If you’re new to the world of LLamaIndex, we highly recommend familiarizing yourself with the LlamaIndex Boilerplate. This resource offers invaluable insights into the fundamental concepts of LlamaIndex, enabling you to grasp its potential and functionalities more effectively.
Llama Debug Handler
In this article, we are going to learn how we can debug our queries in LlamaIndex more efficiently. Each query goes through different stages in LlamaIndex before we get the final response. And it would be better if we have the idea about each of these steps like how much time each of the sub process is taking.
Not only the query part, Data ingestion also goes through different stages in LlamaIndex before we can actually query over them. The main benefits that we can have with debugging are:
- Easily verify how much time each sub process is taking.
- Identify which process takes more/less time during query operation.
- Check what values these sub processes contain during each operation like Data Ingestion and Query operation.
Well to do all of this we do not have to use any library or tool. LlamaIndex itself provides a way to Debug better with the help of a feature called Llama Debug Handler
.
Let’s checkout how we can use this in code to understand its capabilities better. I have written down a basic boiler plate code to load a file and create embeddings below.
from llama_index import (
ServiceContext, VectorStoreIndex,
SimpleDirectoryReader
)
from llama_index.llms import OpenAI
from llama_index.callbacks import CallbackManager, LlamaDebugHandler, CBEventType
llm = OpenAI(model="gpt-3.5-turbo", temperature=0)
llama_debug = LlamaDebugHandler(print_trace_on_end=True)
# creating Callback manager object to show each sub process details \
callback_manager = CallbackManager([llama_debug])
# Service context contains information about which LLM we
# are going to use for response generation and which
# embedding model to create embeddings. Default is
# GPT-3 Davinci and OpenAI embeddings model ADA
service_context = ServiceContext.from_defaults(
callback_manager=callback_manager, llm=llm
)
# Creates node objects of the given file
docs = SimpleDirectoryReader(input_files=['PATH_TO_A_FILE_LOCATION']).load_data()
# This is where out docs gets converted into Embeddings
index = VectorStoreIndex.from_documents(docs, service_context=service_context)

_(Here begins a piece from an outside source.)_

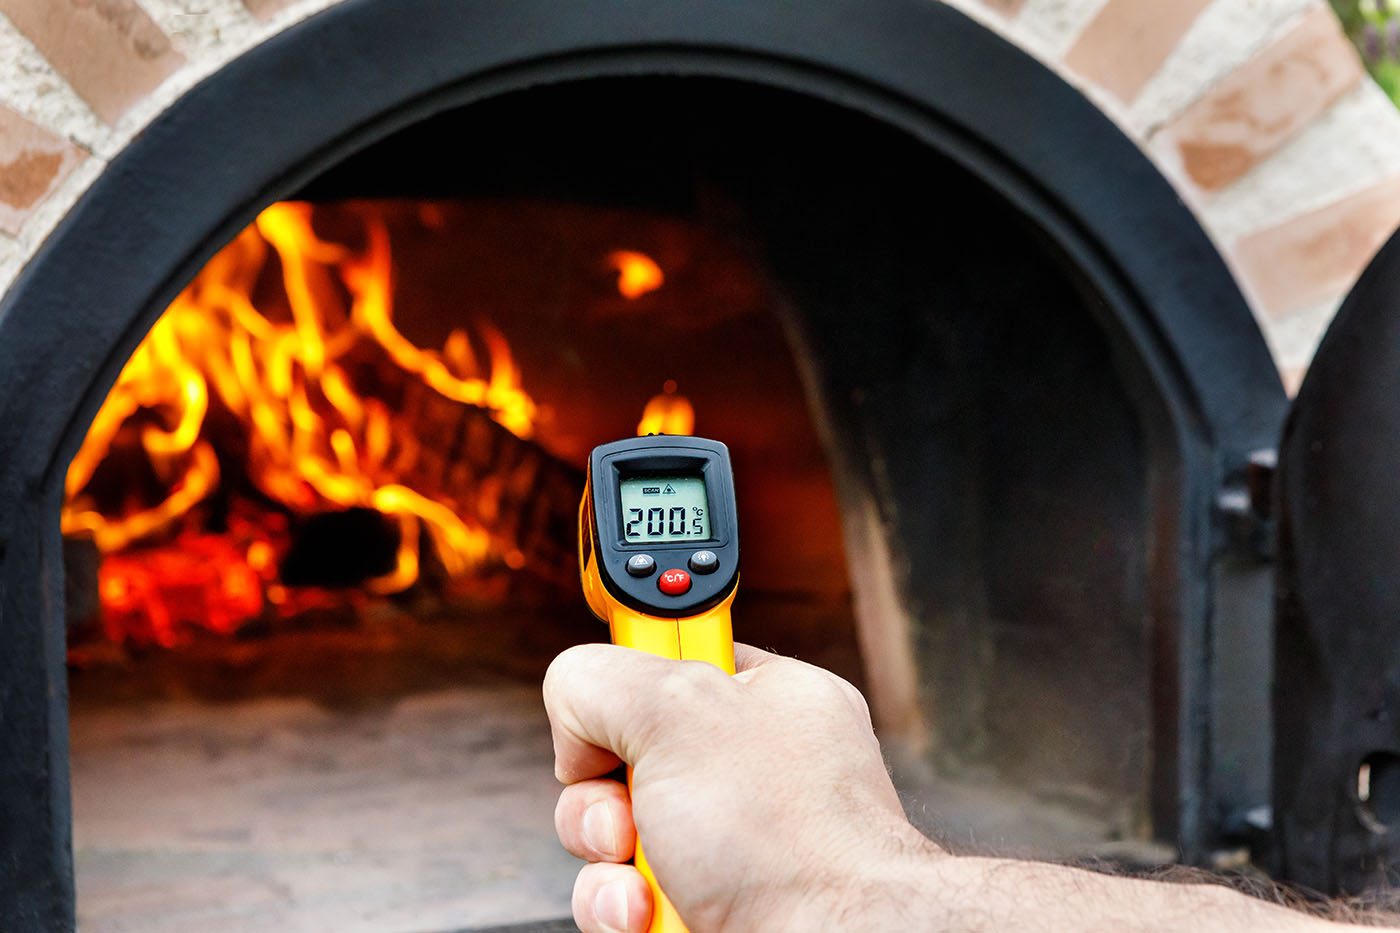 https://www.fuegowoodfiredovens.com/wp-content/uploads/2018/08/how-to-light-your-wood-fired-pizza-oven-6.jpg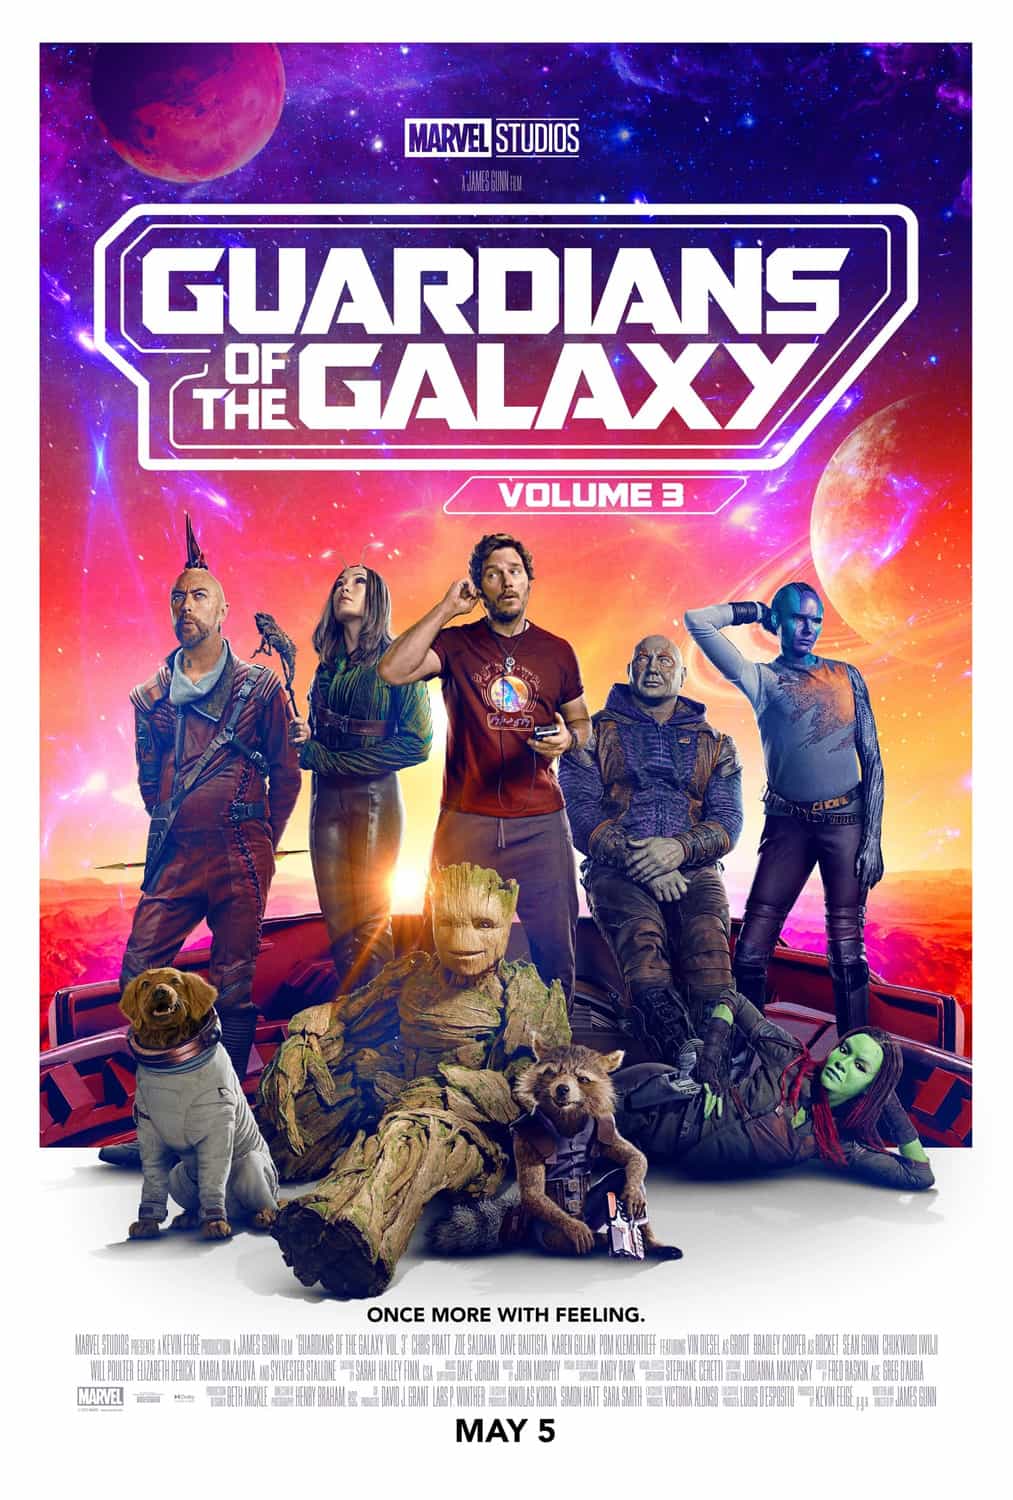 Guardians of the Galaxy Vol 3 is given a 12A age rating in the UK for moderate violence, injury detail, threat, infrequent strong language

# Creating a query engine instance with the current index object
query_engine = index.as_query_engine()
Code language: Python (python)
In the above code we have added our callback manager in the service context which will help us to show the information regarding each sub-process for document ingestion part.
Let’s try running this code. You’ll see something like this in your terminal:
As you can see the document that I provided got divided into multiple chunks of default size ( 1024 tokens ). It also shows how much time it takes for each chunking. Once the breaking of document into smaller chunks is done. It is then converted into embeddings ( Vectors ) and you can see in the logs that as well.

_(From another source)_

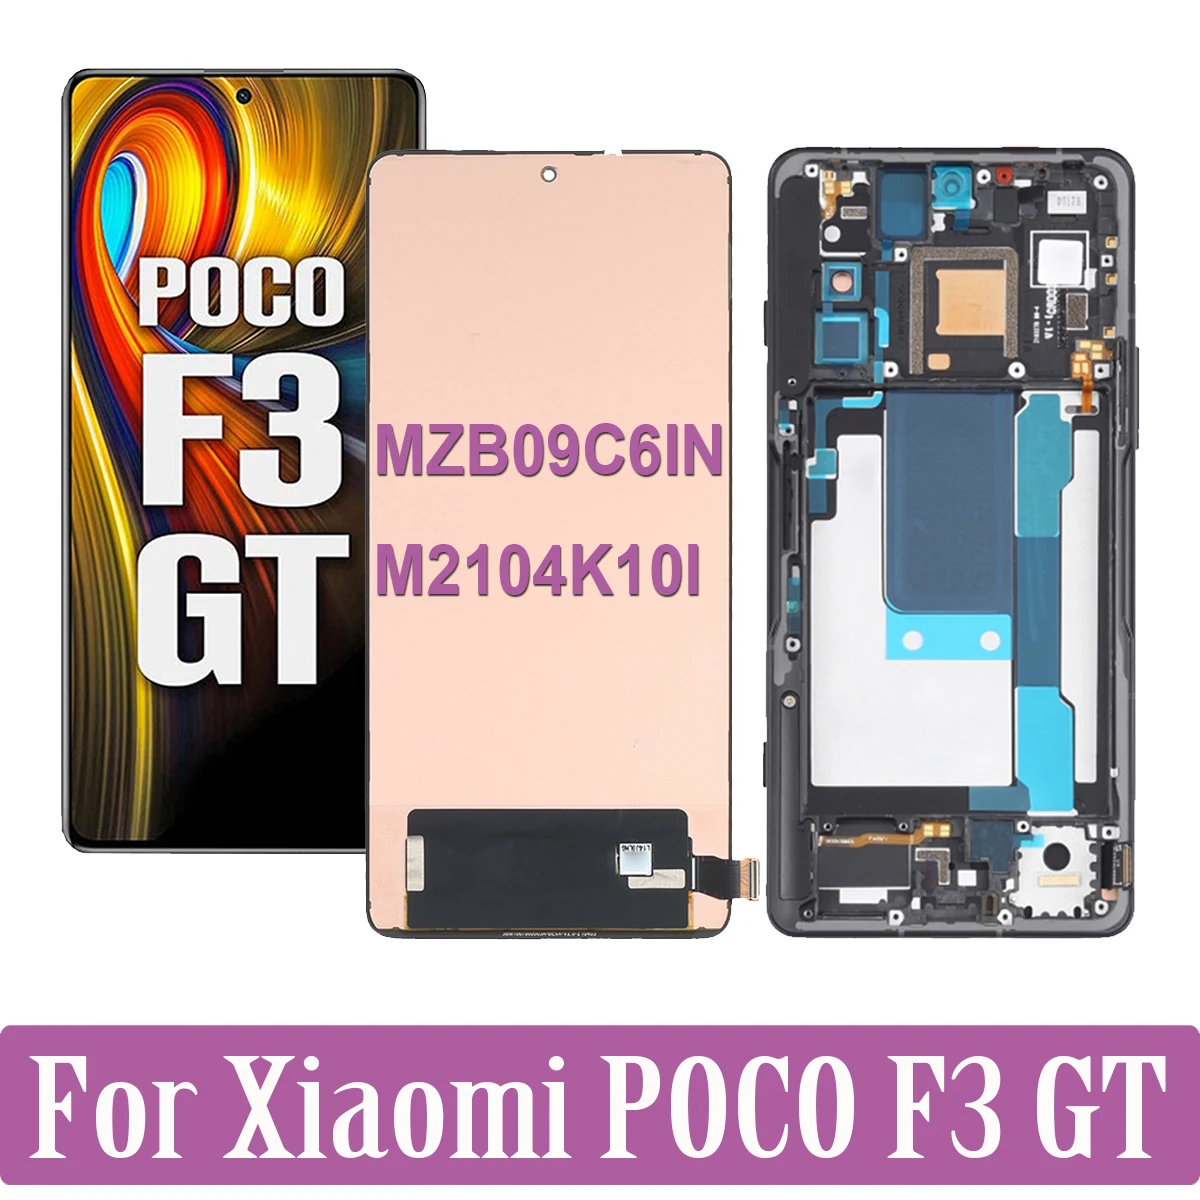 Original 6.67'' AMOLED Display For Xiaomi POCO F3 GT MZB09C6IN M2104K10I LCD Display Touch Screen Replacement Digitizer Assembly

Let’s check out the logs to debug what happen when we query our document using LlamaIndex. To do that add this piece of code in the above code and run the code again.
response = query_engine.query("What did the author do growing up?")
Code language: Python (python)
After running this piece of code you’ll see what happens when you query your own data.
- It will first convert your query into embedding.
- Applies cosine similarity algorithm to find nearest embeddings from the document chunks created in the above step.
- Once found, Combine the nearest embedding related text and user query and pass it to the LLM in our case it’s OpenAI.
- OpenAI generates the response based on context and user query and send it back as the response.
Isn’t this great! Every part of the process is shows as logs for you to debug if there is any issue in your case.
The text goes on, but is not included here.